Ecosyste.ms: Awesome

An open API service indexing awesome lists of open source software.

Awesome Lists | Featured Topics | Projects

https://github.com/fyzanshaik/plush-db


https://github.com/fyzanshaik/plush-db

Last synced: about 5 hours ago
JSON representation

Awesome Lists containing this project

README

        

# Plush Database 🍥

## A Database Implementation Using B+ Trees in Golang

This project is an exploration into the internals of database systems, with a focus on understanding and implementing the core components of a database using B+ trees as the primary data structure. The goal is to create a simple, in-memory key-value store that supports basic CRUD operations.

### Project Structure

- **cmd/**:
- Contains the main application entry point (`main.go`), where the database is initialized and the command-line interface (CLI) is managed.

- **internal/**:
- Holds internal packages that encapsulate the core functionality, including:
- **bplustree/**: Implements the B+ tree logic, including node structures, insertion, deletion, and searching algorithms.
- **storage/**: Manages data storage, including in-memory and file-based storage options.

- **pkg/**:
- May contain reusable utility packages or libraries that could be shared across different projects or services.

- **data/**:
- Used for data files, including any sample or test datasets, and potential data export/import functionality for the database.

### Timeline & Documentation

1. **Understanding B+ Trees**
- Start with an in-depth study of B+ trees, focusing on their application as a balanced data structure for efficient querying, insertion, and deletion operations.
- Implement the basic B+ tree structure, including:
- Node structure (internal and leaf nodes)
- Insertion algorithm
- Deletion algorithm
- Search operation

2. **Schema Design**
- Design a flexible schema system that allows users to define the structure of their data.
- The schema should support various data types, including:
- **Primitive types**: `int`, `string`, `bool`
- **Composite types**: `struct`, where a block of data or a node can hold multiple fields
- Allow users to specify the number of fields (columns) and their types, which will guide how data is inserted and stored.

**Example Schema Input:**
- `{key: int, name: string, email: string}`

**Example Node Structure:**
```go
type Node struct {
PrimaryKey int // Used as the key in the B+ tree
Data map[string]interface{} // Holds the actual data, e.g., name, email
Left *Node // Pointer to the left child (if applicable)
Right *Node // Pointer to the right child (if applicable)
}
```

3. **Implementing an In-Memory Database**
- Develop the core database functionalities:
- **Define Schema**: Allow users to define and update the schema dynamically.
- **Add Data**: Insert new records into the database, ensuring they are stored according to the defined schema and indexed using the B+ tree.
- **Remove Data**: Implement deletion of records, maintaining the integrity and balance of the B+ tree.
- **Update Data**: Allow modifications to existing records.
- **Query Data**: Retrieve records based on primary keys or other criteria.
- **Get Size of B+ Tree**: Provide a function to return the number of nodes in the B+ tree.
- **Get Total Size of Table**: Calculate the total amount of data stored in the table, including metadata.

4. **Interface Layers in Databases**
- **SQL Layer**: Simulate a basic SQL-like interface for interacting with the database, supporting commands such as `SELECT`, `INSERT`, `UPDATE`, and `DELETE`.
- **KV (Key-Value) Layer**: Implement a direct key-value interface for lower-level data access, bypassing the SQL layer for performance-critical operations.

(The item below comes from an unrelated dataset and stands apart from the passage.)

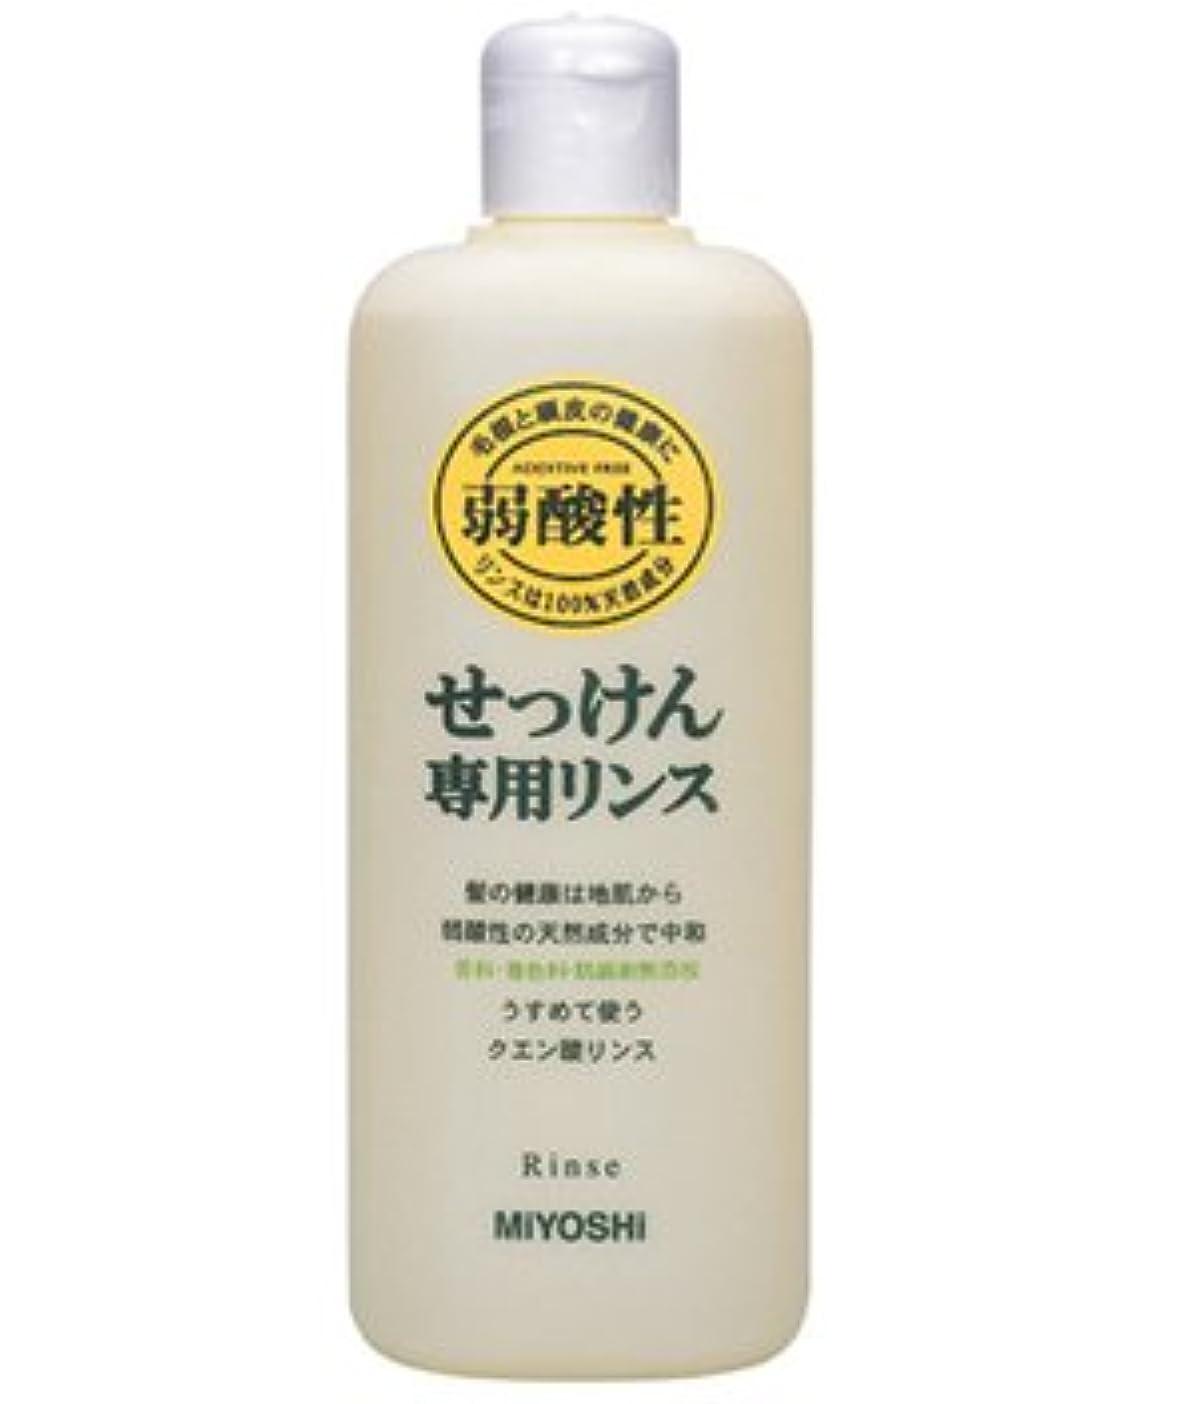 ピストル耐えるささいなミヨシ石鹸 無添加 せっけんシャンプー専用リンス レギュラー 350ml(石鹸シャンプー用 弱酸性リンス) ×20点セット (4904551200307)

5. **Advanced Features (Future Work)**
- **Persistence**: Extend the in-memory database to support persistent storage, allowing data to be saved to disk and reloaded on startup.
- **Concurrency**: Implement basic concurrency control to handle multiple simultaneous operations, ensuring data consistency.
- **Indexing**: Explore the addition of secondary indexes for faster querying on non-primary key fields.

6. **Testing and Benchmarking**
- Implement a comprehensive suite of unit tests to ensure the correctness of the B+ tree operations and database functionalities.
- Benchmark the performance of various operations (e.g., insertion, deletion, querying) to identify bottlenecks and optimize the implementation.

7. **Documentation**
- Write detailed documentation covering the project structure, usage, API endpoints (if applicable), and examples of how to interact with the database.